Now, that's interesting. But even our simple apartment example from the beggining has more than one variable. In fact we have 4! Bedrooms, Bathrooms, Square Footage and Age. (Price is the target value - what we want to predict.
GRADIENT - HOW STEEP IN ALL DIRECTIONS?
f(x) = x² + y²
Function value f(x, y) = 0.2x² + 0.2y²: 0.00
Gradient ∇f = [0.3x, 0.3y] = [ 0.00, 0.00 ]
The yellow arrow shows the gradient - always points in the direction of steepest increase.
The gradient is just a collection of derivatives - one for each variable. It shows us the slope in every direction at once. We can visualise a function with two variables, x and y, because we still have that third dimension z to show height. But here's the kicker: we've already hit our visualisation limit. Any network with more than two parameters is near impossible to visualise. Real neural networks have millions.
That's why we need autograd. It handles all the derivative calculations automatically. And with the help of a GPU, this can be done at speeds hard to imagine.
We just trust the maths at this point.
GRADIENT DESCENT - FOLLOWING THE SLOPE DOWNHILL
Autograd gives us the gradient. As you saw on the chart, the arrow points uphill in the direction of steepest increase. And what's up there? Higher loss - further away from the truth. Based on that information we can make adjustmets. Gradient Descent is the algorithm that finds our way down, to the valley where loss is lowest.
It's not the only algorithm that does that.
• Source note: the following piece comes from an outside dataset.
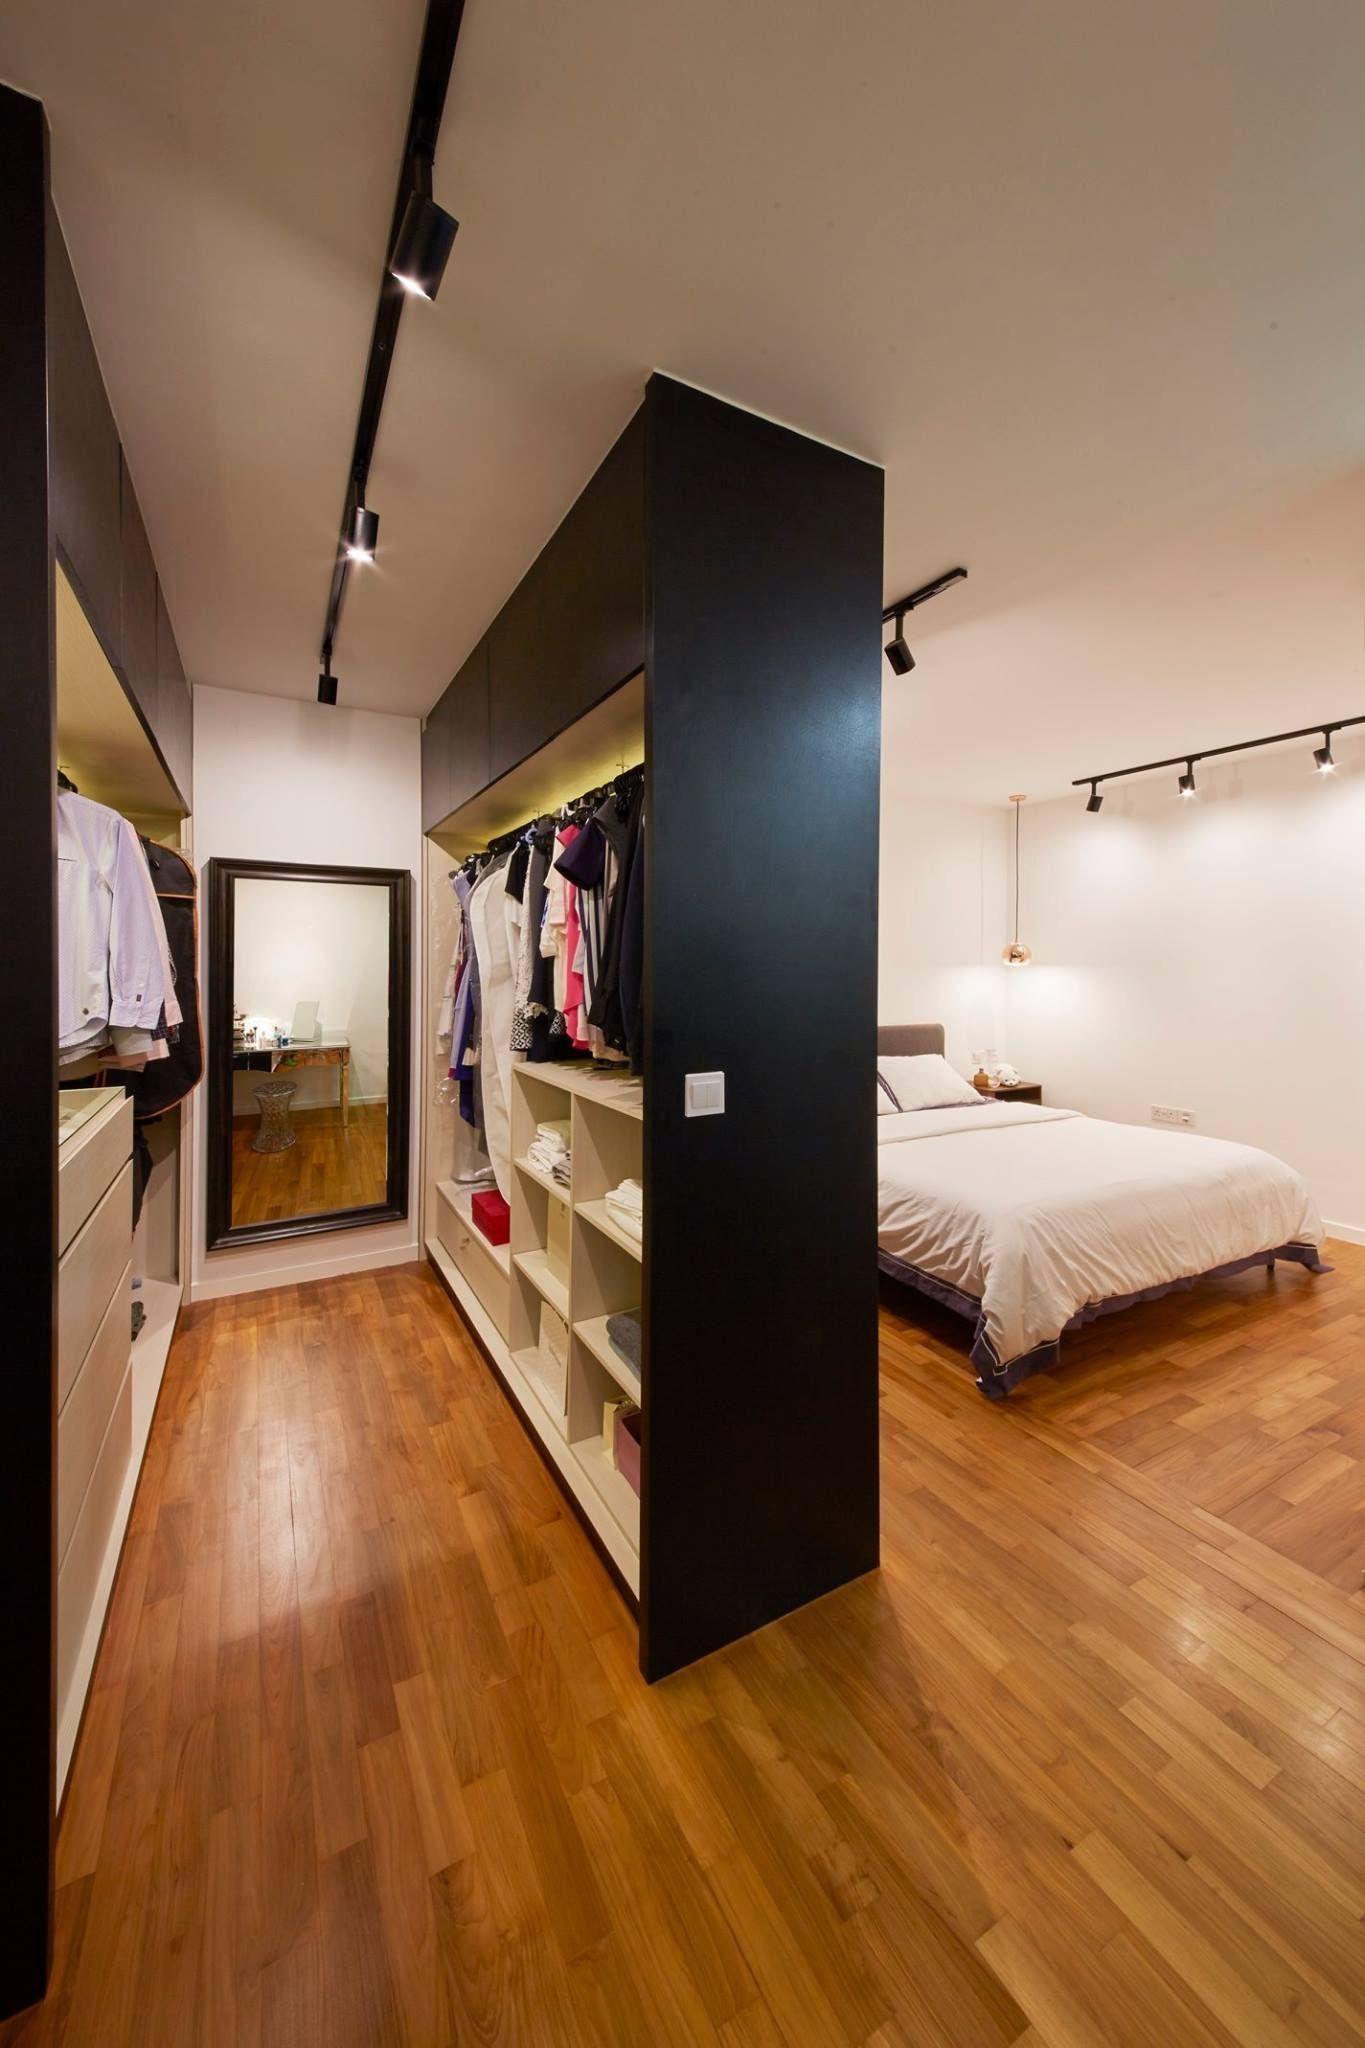 Creative Bedroom Wardrobe Design Ideas That Inspire On39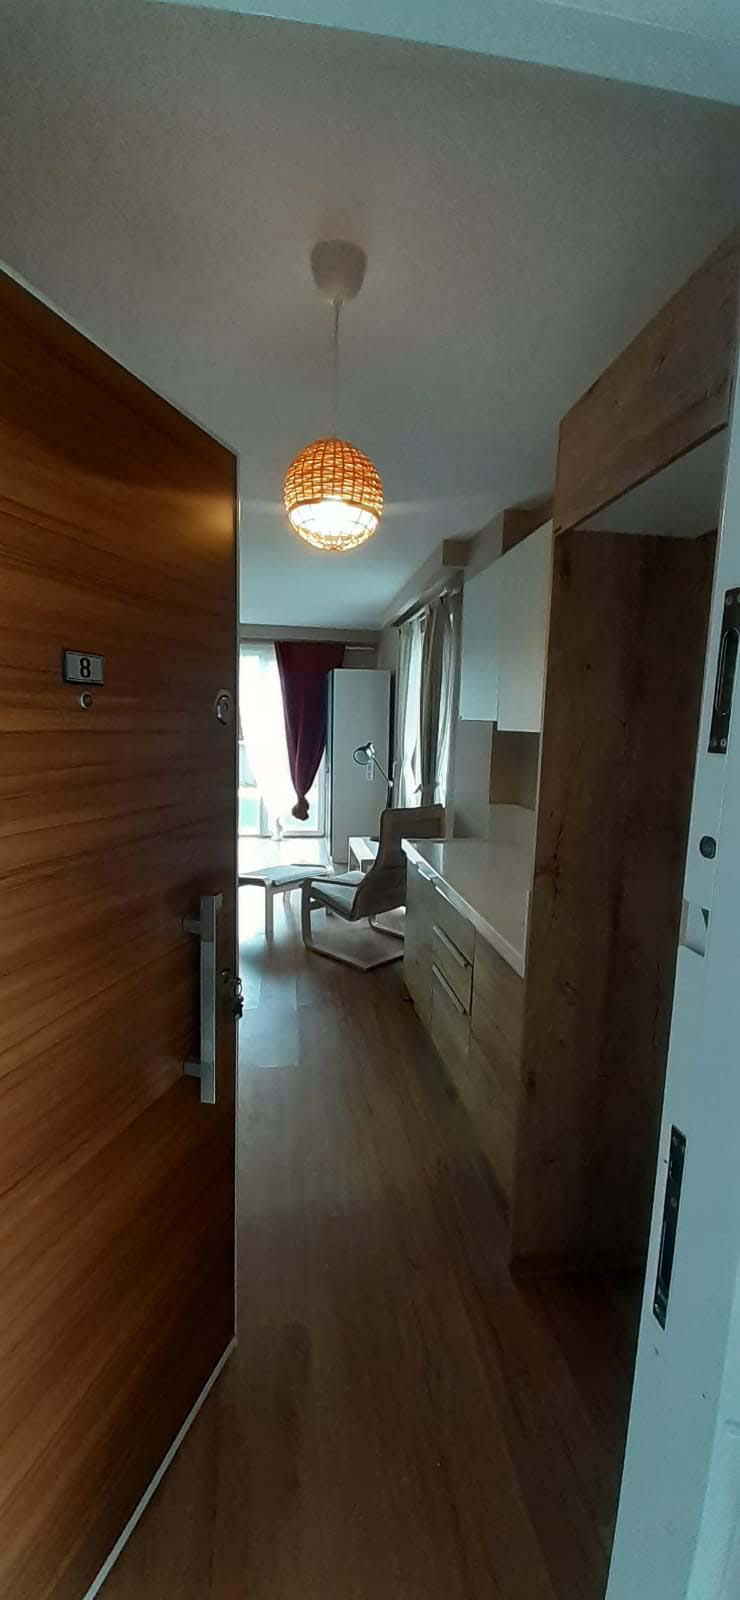 istanbul-house2-safiran

The one worth mentionig is Adam - one of the most popular optimisers, also included in PyTorch's library.
The training loop becomes: calculate derivatives to get the gradient → use the optimiser (gradient descent, Adam, etc.) to make adjustments → repeat that hundreds or thousands of times.
autograd in practice
Let's now explore how we can calculate derivatives in PyTorch.
# DEFINE SINGLE VALUE TENSOR
# NOTICE WE ARE ENABLING GRADIENT TRACKING
x = torch.tensor(2.0, requires_grad=True)
# DEFINE FUNCTION f(x) = x²
f = x ** 2
# TO CALCULATE GRADIENT WE CAN CALL .backward() function
f.backward()
# WE CAN NOW CHECK THE GRADIENT (DERIVATIVE) AT OUR POINT x
print(x.grad) # 4.0
Let's try something more complex.
# DEFINE THREE TENSORS WITH GRADIENT TRACKING
x = torch.tensor(1.0, requires_grad=True)
y = torch.tensor(2.0, requires_grad=True)
z = torch.tensor(0.5, requires_grad=True)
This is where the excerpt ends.